- Description of the task:
Would you please repeat exactly the entries below, starting at the line with "weergegeven 30 x 40 cm" and ending at the line with "Jalan Sriwijaya Dress", and nothing outside that range? Leave out the pictures.

- Data supplied:
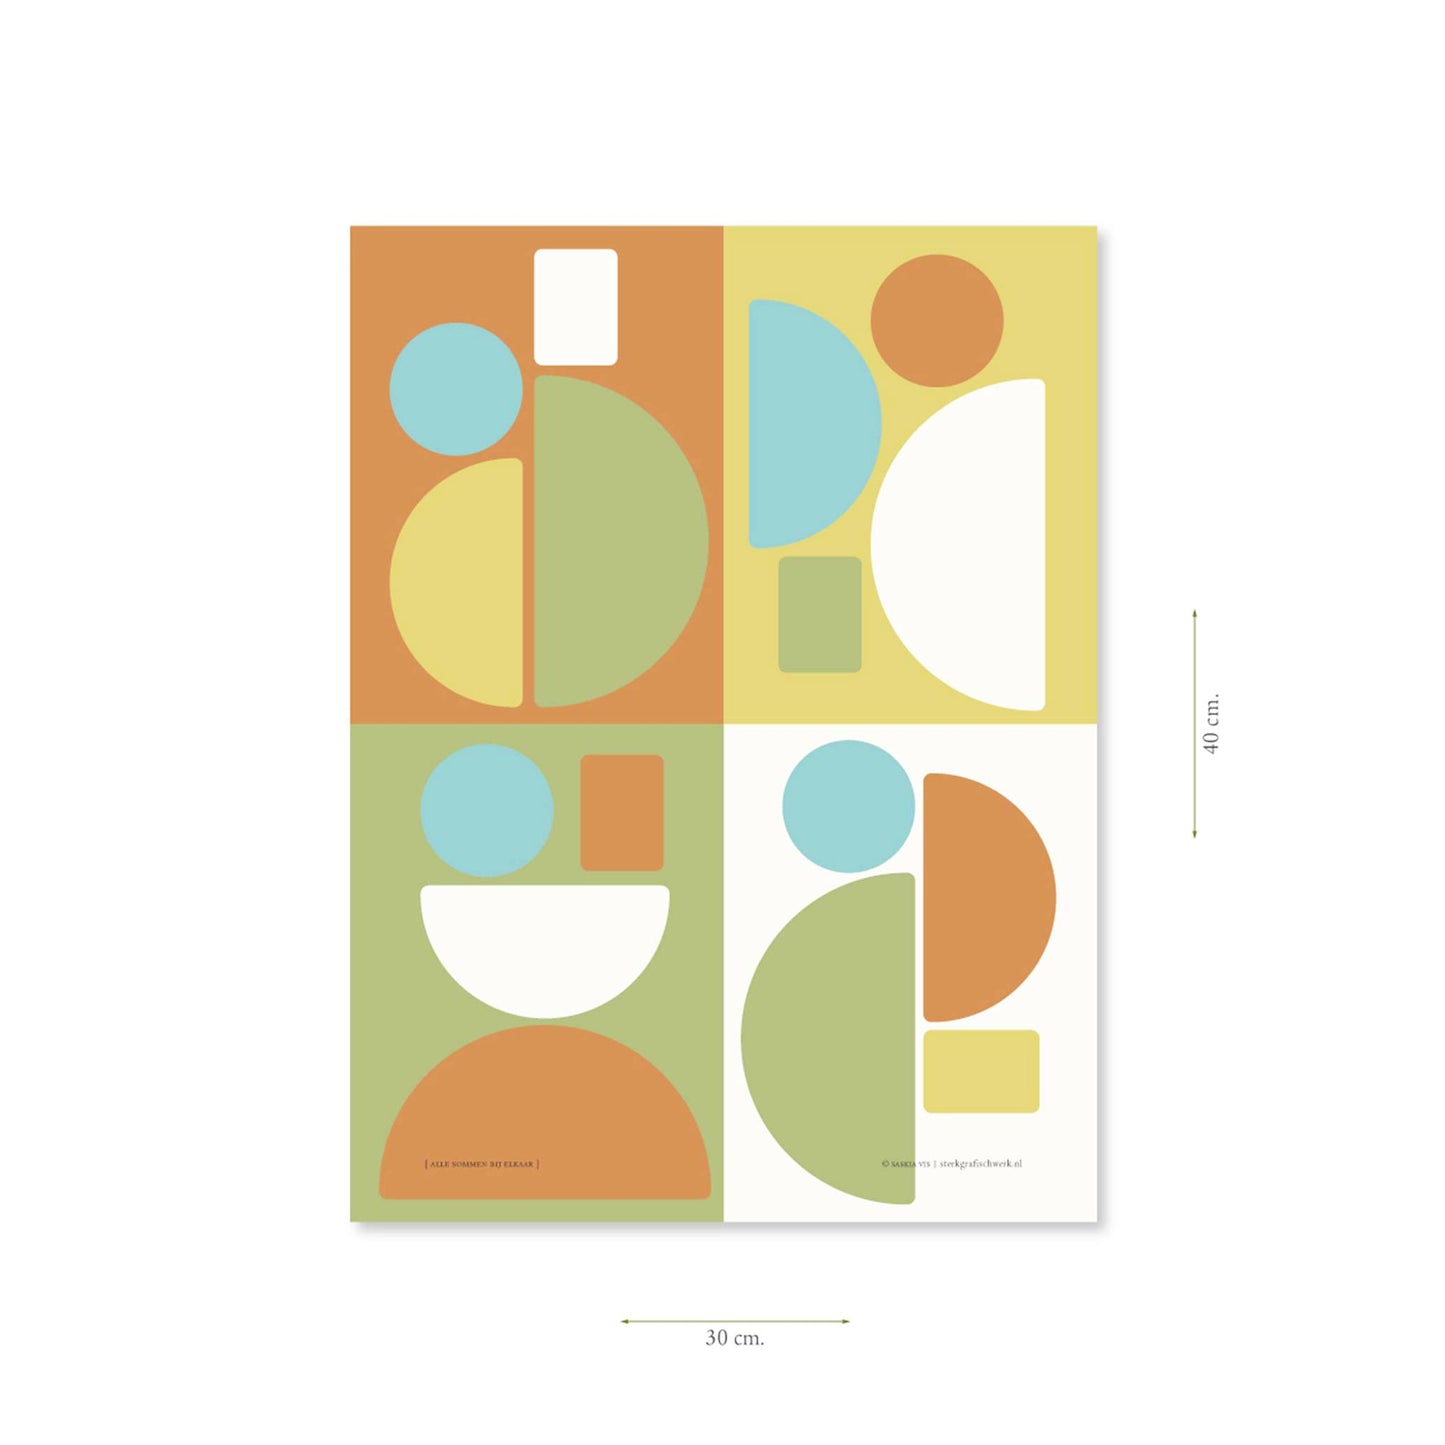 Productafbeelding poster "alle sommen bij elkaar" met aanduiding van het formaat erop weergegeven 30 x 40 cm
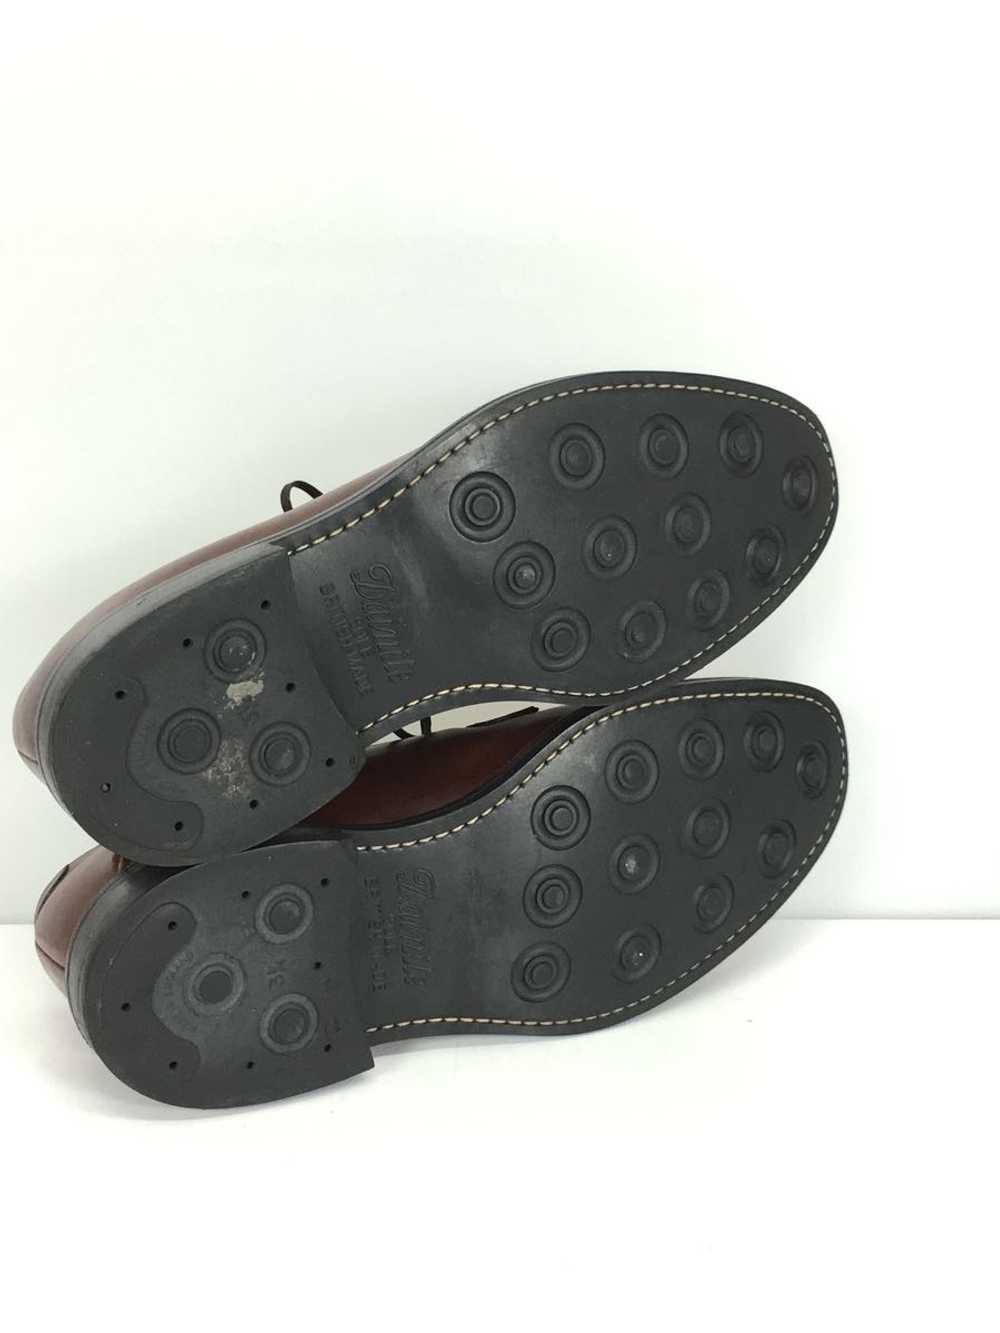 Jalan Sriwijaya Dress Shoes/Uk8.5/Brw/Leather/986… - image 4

--

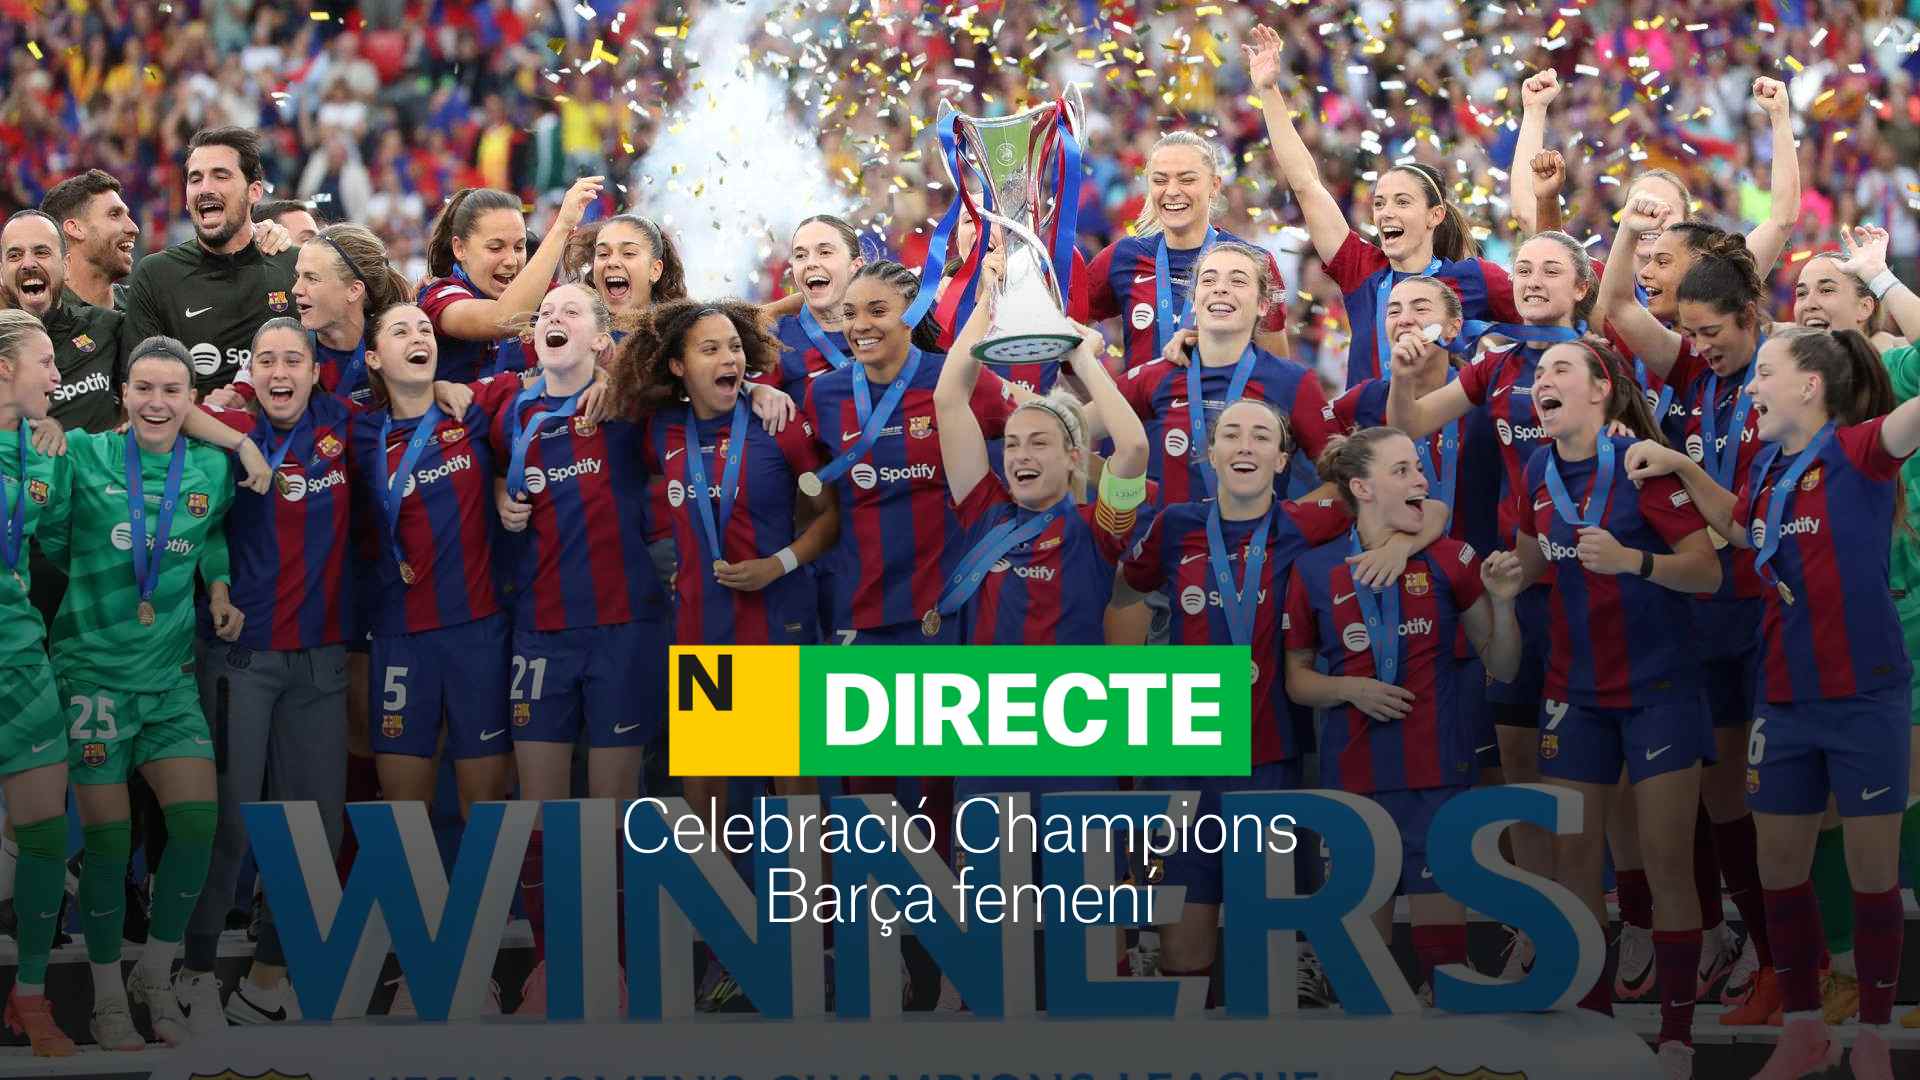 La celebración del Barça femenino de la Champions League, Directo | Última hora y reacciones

- Written solution:
 Productafbeelding poster "alle sommen bij elkaar" met aanduiding van het formaat erop weergegeven 30 x 40 cm
 Jalan Sriwijaya Dress Shoes/Uk8.5/Brw/Leather/986… - image 4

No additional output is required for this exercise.